The 2021 Canadian Cardiovascular Society (CCS) guidelines recommend intensive low-density lipoprotein cholesterol (LDL-C) reduction for patients with atherosclerotic cardiovascular disease (ASCVD). For patients above LDL-C threshold on maximally tolerated statins, adding ezetimibe and/or a proprotein convertase subtilisin/kexin type 9 inhibitor (PCSK9i) is recommended. This population-based, real-world study examined cardiovascular (CV) events in patients with ASCVD who are on statins and above current guideline threshold LDL-C levels.

Methods

Using administrative health data in Alberta, Canada, we identified patients with myocardial infarction (MI), ischemic stroke (IS), or peripheral artery disease with LDL-C > 1.8 mmol/L on statins between April 1, 2010 and March 31, 2016. Exploratory subgroups included very high-risk patients with ASCVD shown to derive the most benefit from PCSK9i intensification as identified by the CCS guidelines, including those with acute coronary syndrome (ACS) or recent MI. Frequencies and rates of individual and composite CV events (primary outcome: MI, IS, hospitalization for unstable angina, coronary revascularization, cardiovascular death; secondary outcome: MI, IS, CV death) were calculated over follow-up.

Results

The study included 32,984 patients with a mean (standard deviation) follow-up of 40.8 (21.0) months.
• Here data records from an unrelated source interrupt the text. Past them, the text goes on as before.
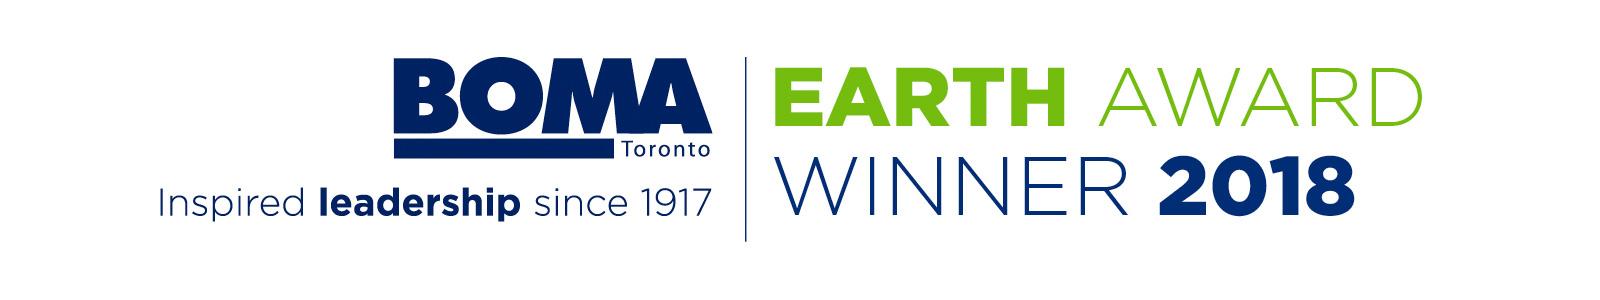 BOMA Toronto Earth Award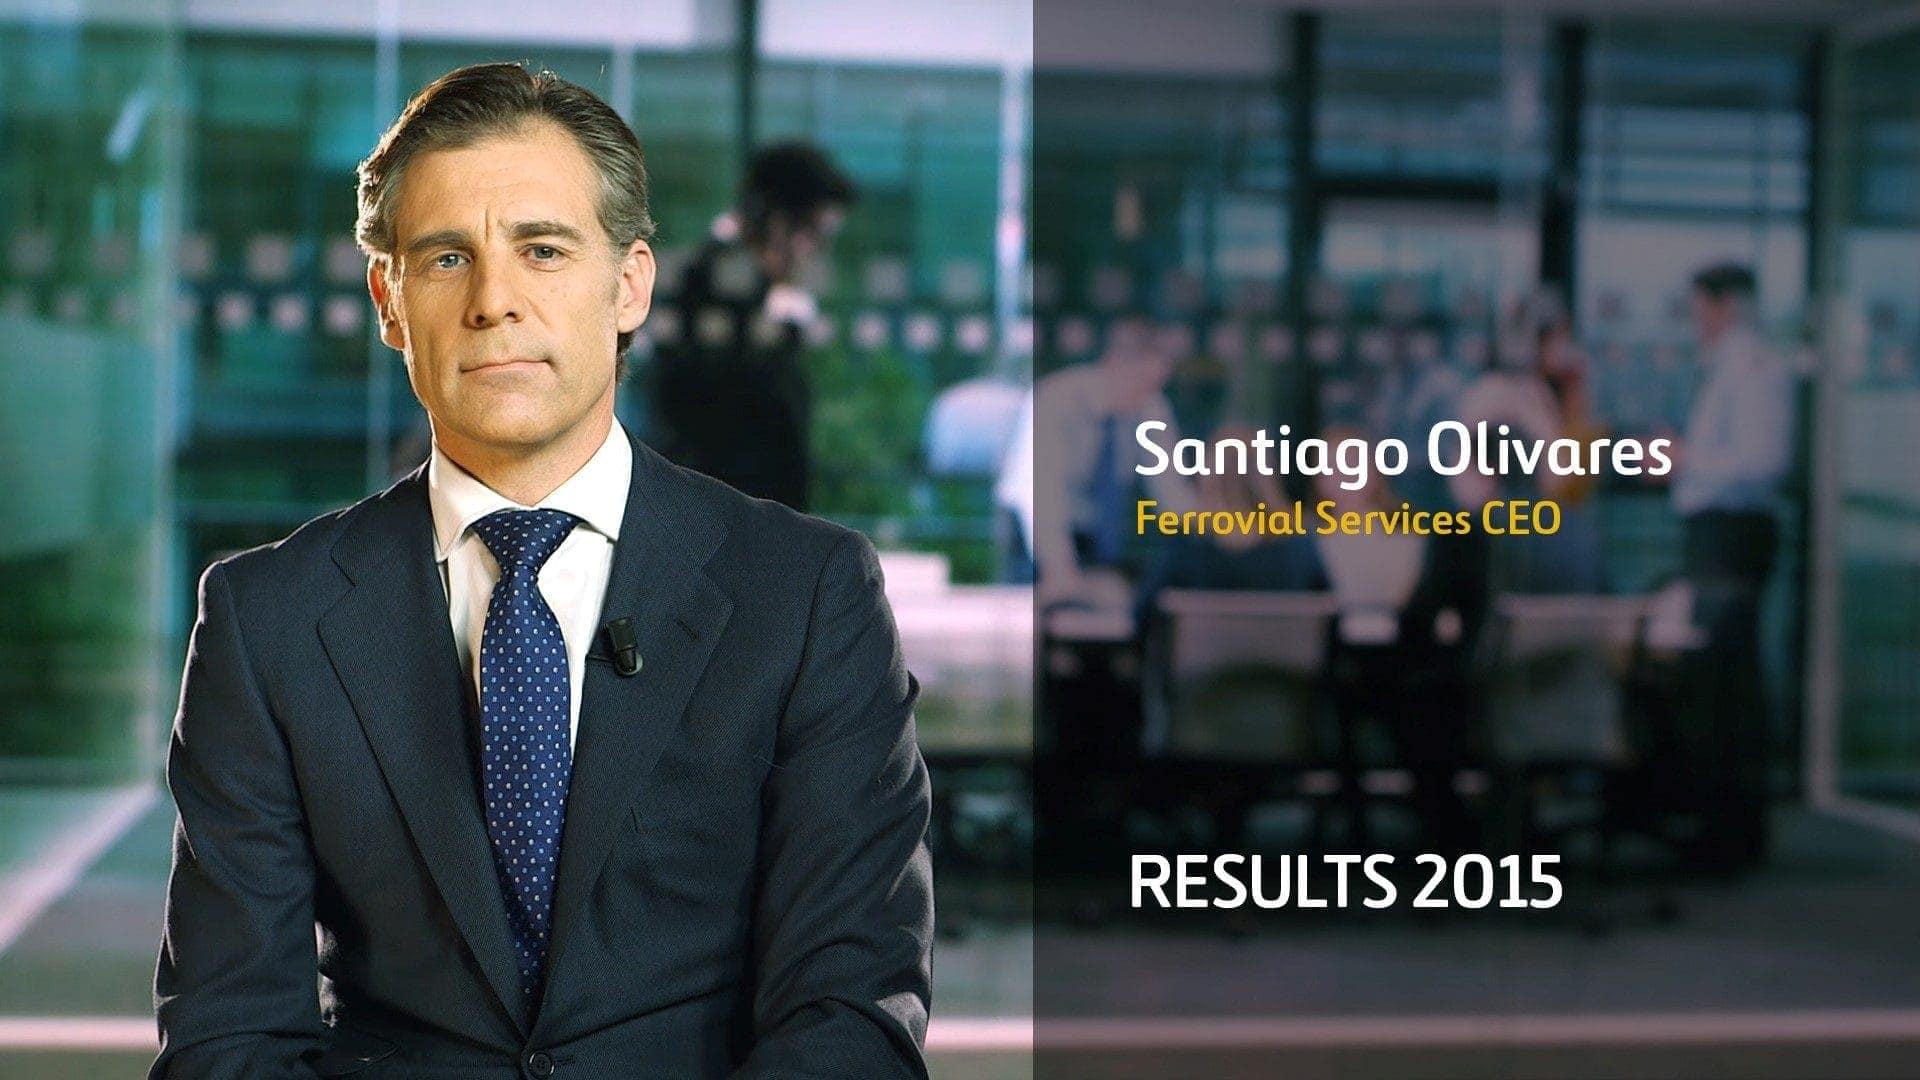 Santiago Olivares Ferrovial Services Results 2015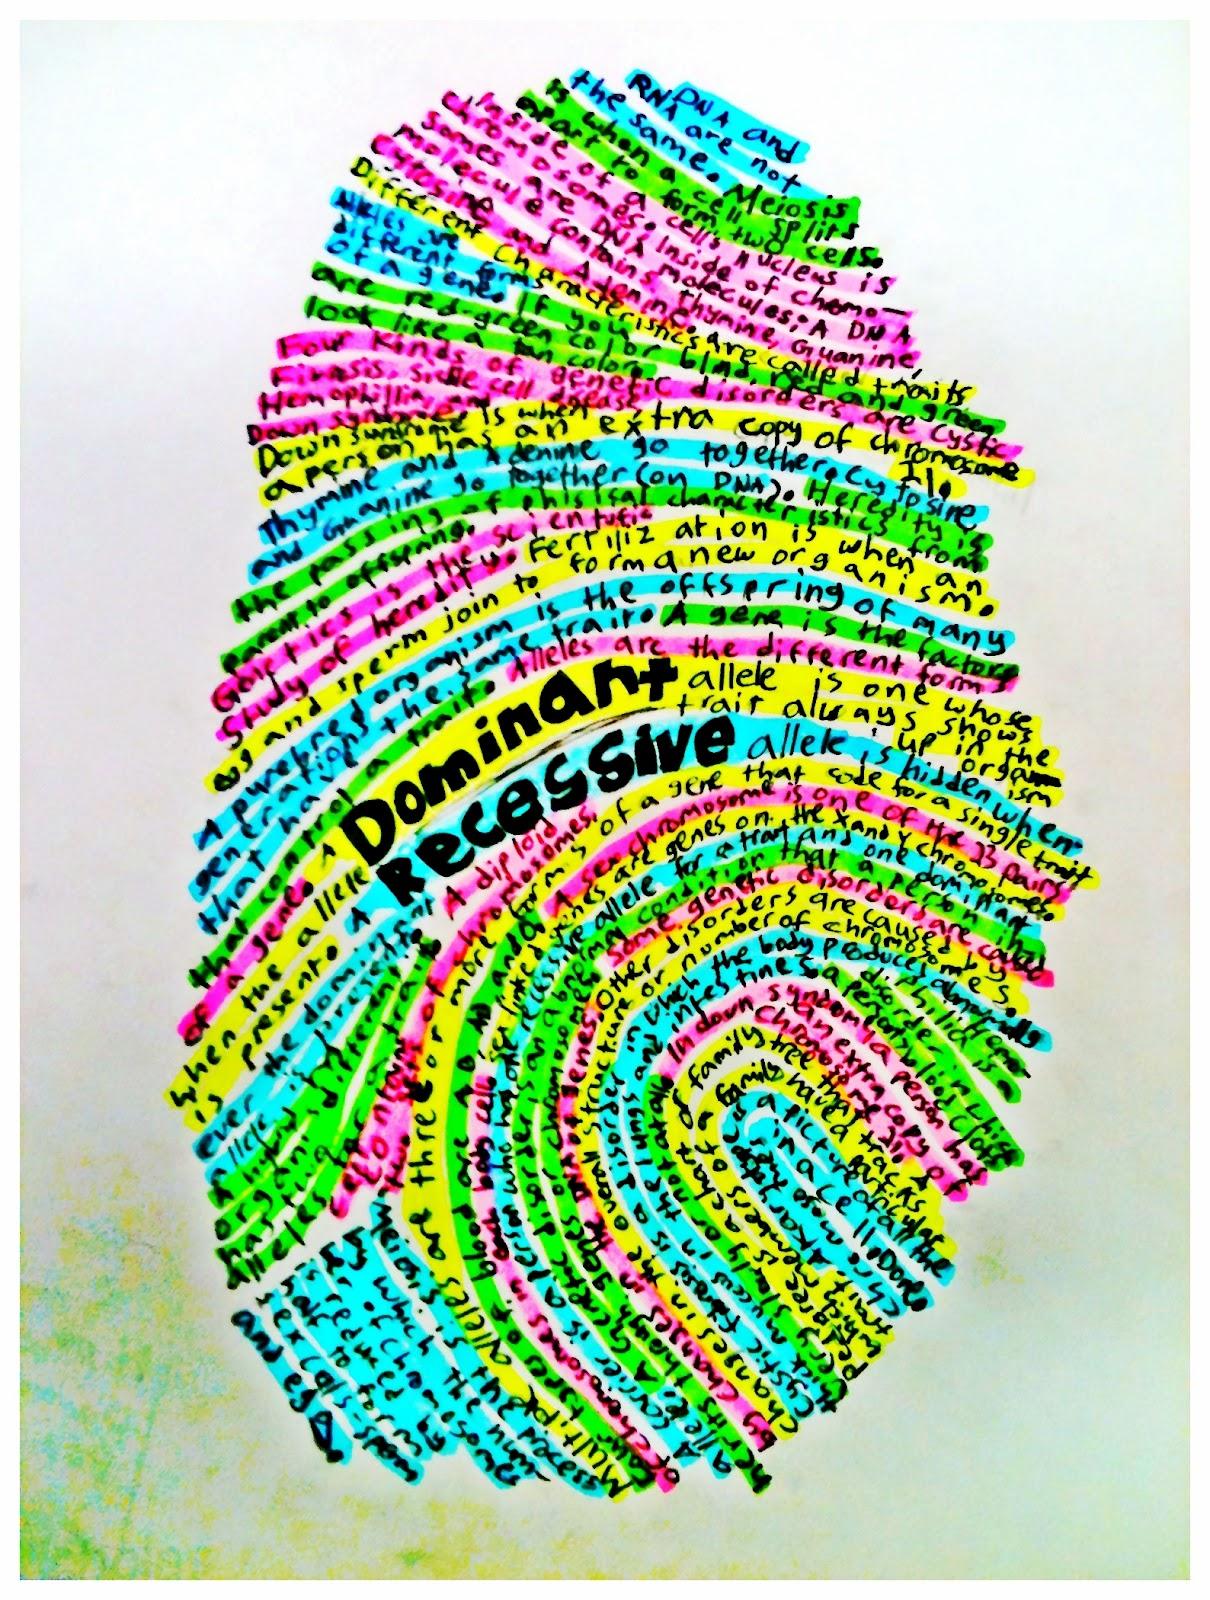 Pitotti S Panther Page Fingerprint Summaries

Overall, 17.7% and 15.6% experienced a primary and secondary outcome, respectively, with rates of 5.58 and 4.83 per 100 patient-years, respectively. CV death and MI were the most common events. Subgroups with recurrent MI and comorbid diabetes exhibited higher CV event rates (23.6% and 22.2% had a primary outcome, respectively). Rates of CV events were notably high in patients with ACS or recent MI (49.4% and 54.0% had a primary outcome, respectively).

Conclusion

This real-world study confirms that statin-treated high-risk patients with ASCVD and above-threshold LDL-C levels have substantial incidence of recurrent CV events. These findings reinforce the opportunity for lipid-lowering therapy intensification in high-risk patients to levels below guideline-recommended threshold in order to reduce CV risk.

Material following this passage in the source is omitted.